On submission day 0, a total of 33 serum samples consisting of three tubes from each of three pigs at each of three farms (FF, PE, and TNT), along with three tubes from each of the controls, were packaged on ice and shipped for overnight delivery to each of three state diagnostic laboratories with a history of handling a high volume of swine diagnostic samples, including PRRSV ORF5 sequencing. Each sample was assigned a number between 1 and 33 using a random numbers table generated in a commercial spreadsheet program (Excel 2007; Microsoft Corporation, Redmond, Washington). Coding was assigned according to the diagnostic laboratory, submission, farm, and pig (ie, X1-FF-A1 indicated laboratory X, submission 1 of 3, Farm FF, pig A, tube 1 of 3). The entire submission process was repeated two more times at approximately 30 and 60 days after the first submission. The total number of field and vaccine virus samples submitted was 297.
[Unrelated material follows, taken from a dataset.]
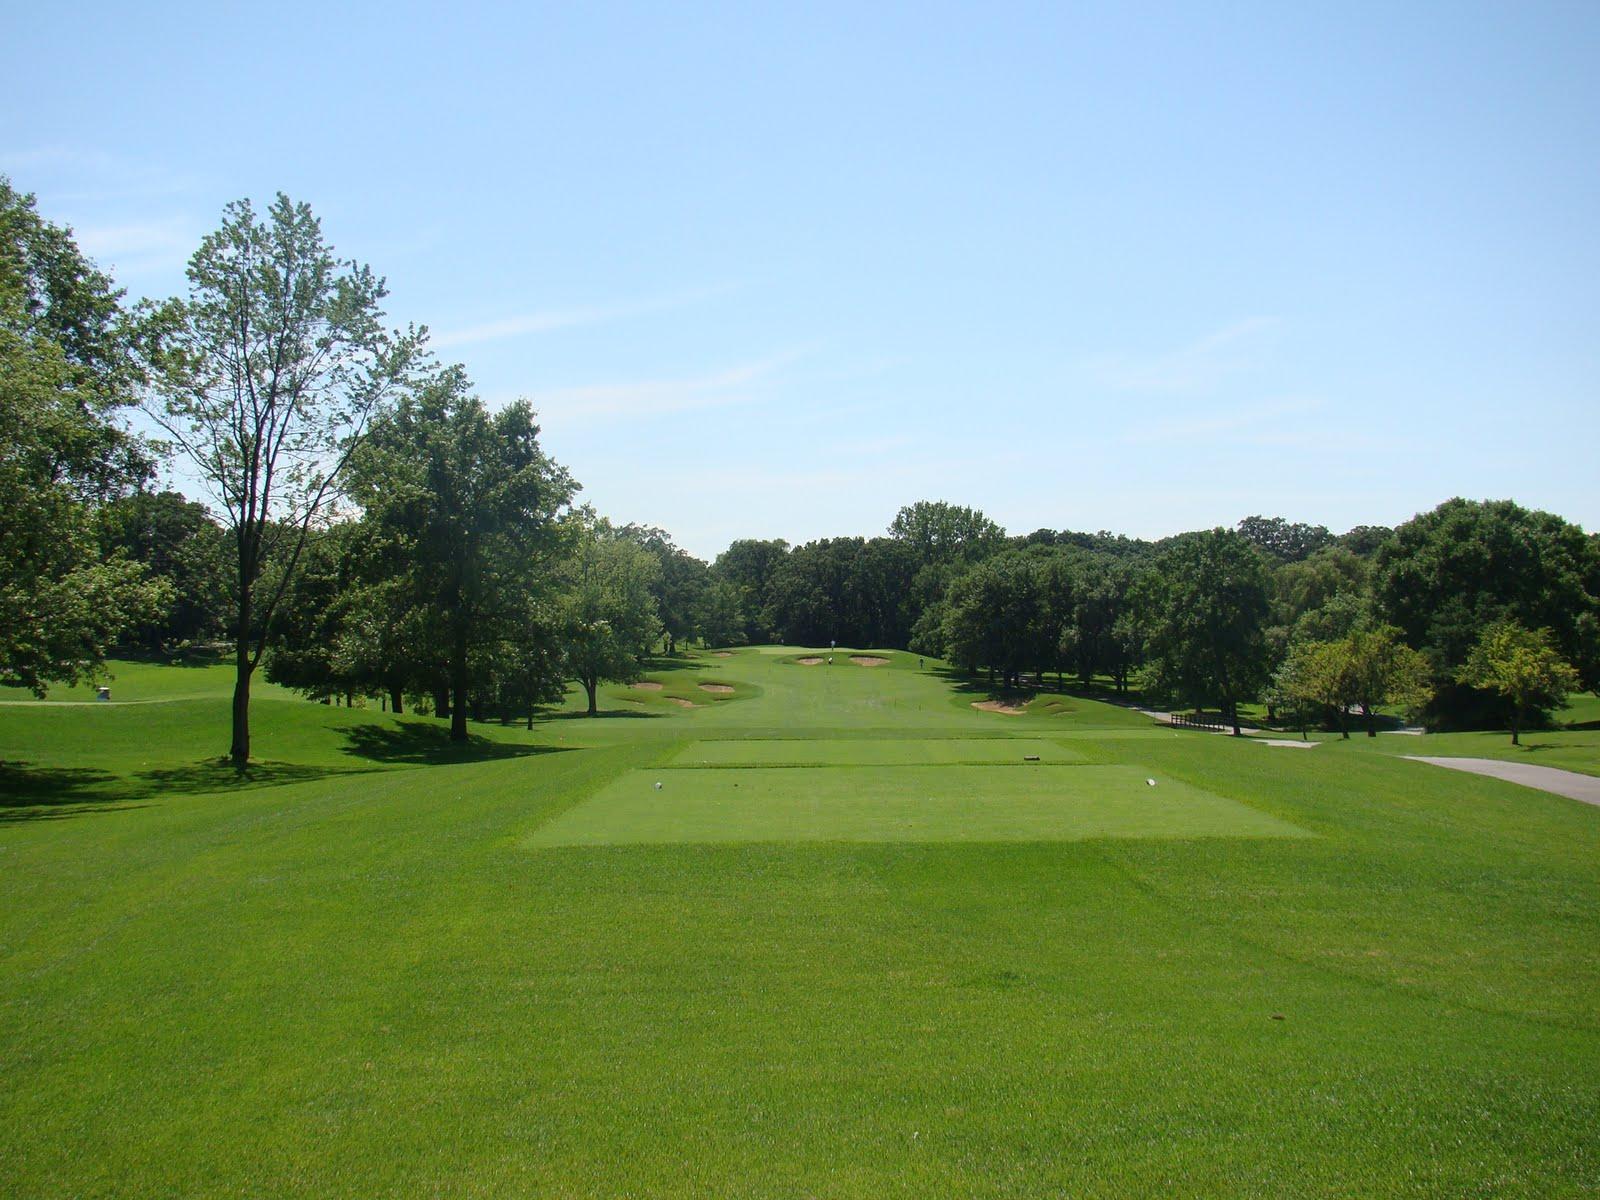 golf pic of the week cog hill course no 4 par 4 4th. Black Bedroom Furniture Sets. Home Design Ideas

Samples were submitted as “known PRRS-positive” to each laboratory and a request was made for all samples to be submitted directly for ORF5 sequencing. This was done as a cost-savings step to eliminate the need for a screening PCR and to accommodate direct testing on the ORF5 PCR for sequencing. Raw sequencing data was requested from each laboratory for analysis. All of the raw ORF5 nucleotide sequencing data was collected from each of the diagnostic laboratories and aligned using the Clustal W “slow-accurate” method included in the commercially available software Lasergene DNAStar Megalign version 8.1.2 (Madison, Wisconsin). A master dendrogram and homology table containing all resulting field virus and vaccine references was generated using the Lasergene software. For the purposes of the similarity analysis, paired sequence comparisons that were expected to be identical, since they were from the same sample, were defined as two sequences having greater than or equal to three of 603 nucleotide differences, equivalent to a homology of 99.50% or greater, since sequencing process-related errors of up to 0.50% were assumed possible but considered non-significant to the barn-level decision-making process and intervention-plan process by the veterinarian and producer. Further, paired sequence comparisons that were expected to be identical but that had less than 97.00% homology were defined as “outliers.”3 The results were attributed to laboratory processing errors rather than sequencing errors.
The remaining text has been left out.